Yes, it is true. Let us show that, in a compact Lie group $G$ with $G^0$ nonabelian, finite subgroups that are not contained in any proper subgroup of positive dimension have bounded cardinal.
By contradiction, let finite subgroups $G_n$ have cardinal tending to infinity, and not contained in any proper subgroup of positive dimension.
Let $B$ be a neighborhood of 0 in the Lie algebra of $G$ such that $\exp|_B$ is a homeomorphism onto its image, with inverse denoted by $\log$ (we will let $B$ vary, but can assume it is contained in a single such neighborhood $B_0$ once and for all, hence the function $\log$ will not depend on $B$).
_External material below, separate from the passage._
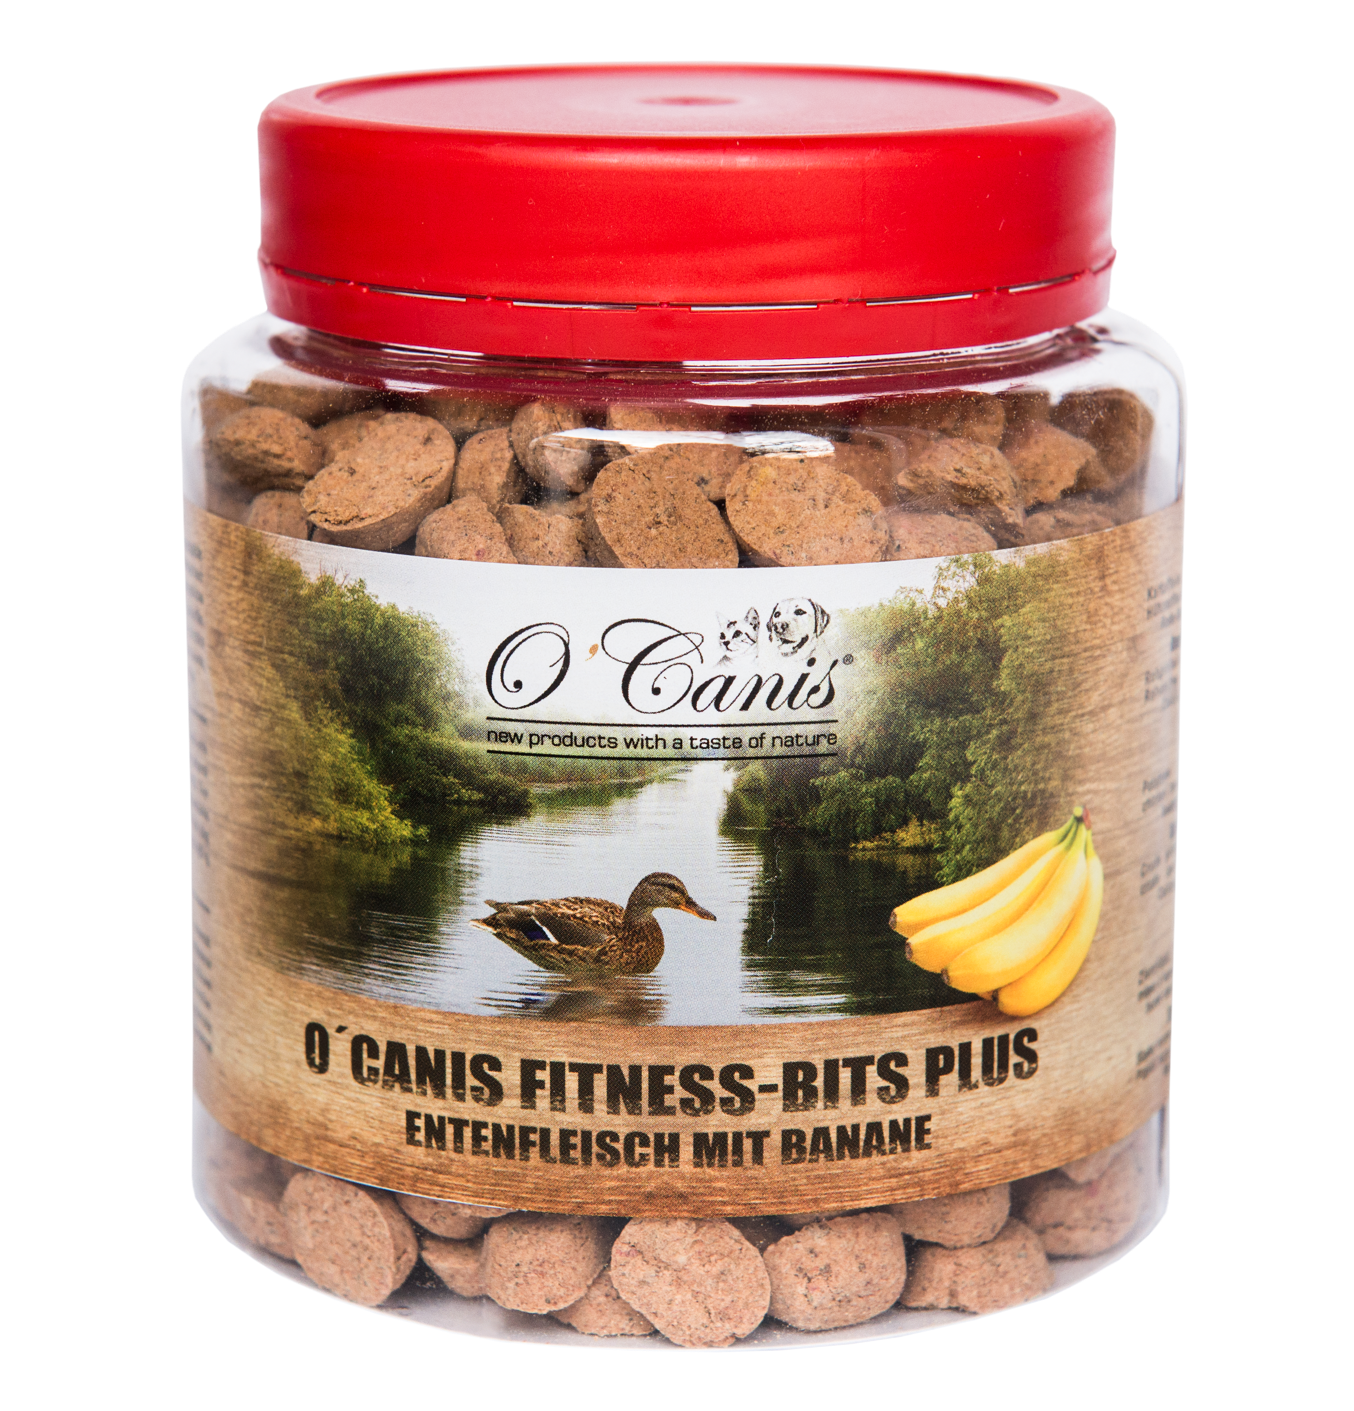 O'Canis - Fitness Bits PLUS "Ente mit Banane" 300g

Define $T_n^B=\exp\big(\mathrm{span}\big(\log(G_n\cap\exp(B))\big)\big)$.
The first point is that for each $B\subset B_0$ and for $n$ large enough, $G_n\cap\exp(B)$ consists of commuting elements. This is close to Jordan's theorem and is a particular case of Zassenhaus' theorem (see for instance Theorem 1.3 here, with in mind that connected nilpotent subgroups of compact groups are abelian). We can extract once and for all to suppose that this holds for all $n$.
The next point is that $T_n^B$ is a torus. For an arbitrary commutative subset, it might have been dense in a torus. But the point is that elements of finite subgroups are well-behaved. More precisely: for this point, we can suppose that $G$ is embedded in the unitary group $\mathrm{U}(d)$. Every element of $G$ can be diagonalized with eigenvalues $e^{i\pi k_1/m},\dots,e^{i\pi k_d/m}$. We can arrange $B_0$ so that it avoids elements with eigenvalues $-1$ and define the log accordingly, so assume all $k_i$ to be in $]-m,m[$. Hence the log of such an element will be, in the same diagonal basis, the matrix with eigenvalues $i\pi k_1/m,\dots i\pi k_d/m$, and the exp of its span will be the 1-dimensional torus of diagonal matrices with eigenvalues $\theta^{k_1},\dots,\theta^{k_d}$ for $\theta$ in the unit circle. Now when we consider all $G_n\cap \exp(B)$, we just consider the torus generated by several such (commuting) tori.
Now consider $\liminf_n \dim(T_n^B)$. This is positive (because $G_n$ is infinite, so that $G_n\cap\exp(B)$ is never reduced to $\{1\}$. This liming decreases when $B$ decreases, and hence we can find $B_1$ for which its value, say $c>0$, is minimal. After extracting once again, we an suppose that $\lim_n\dim(T_n^{B_1})=c$. Define $T_n=T_n^{B_1}$. Hence, for every neighborhood $B\subset B_1$, there exists $n_0$ (depending on $B$) such that for all $n\ge n_0$ we have $T_n^B=T_n$ (because $T_n^B\subset T_n$ and these are tori of the same dimension).
This observation allows to deduce that $T_n$ is, for large $n$, normalized by $G_n$. Indeed, for $g_n\in G_n$, we have $$g_nT_n^Bg_n^{-1}=\exp(\mathrm{span}\log(G_n\cap \exp(g_nBg_n^{-1})));$$
since $1$ has a basis of conjugation-invariant neighborhoods, we can choose $B$ such that $\bigcup_g gBg^{-1}$ is contained in $B_1$. We deduce that $g_nT_ng_n^{-1}\subseteq T_n$ for large $n$, hence this is an equality.
Then $G_nT_n$ is a positive-dimensional closed subgroup containing $G_n$. By assumption, it equals $G$, and this is a contradiction since $G^0$ is non-abelian.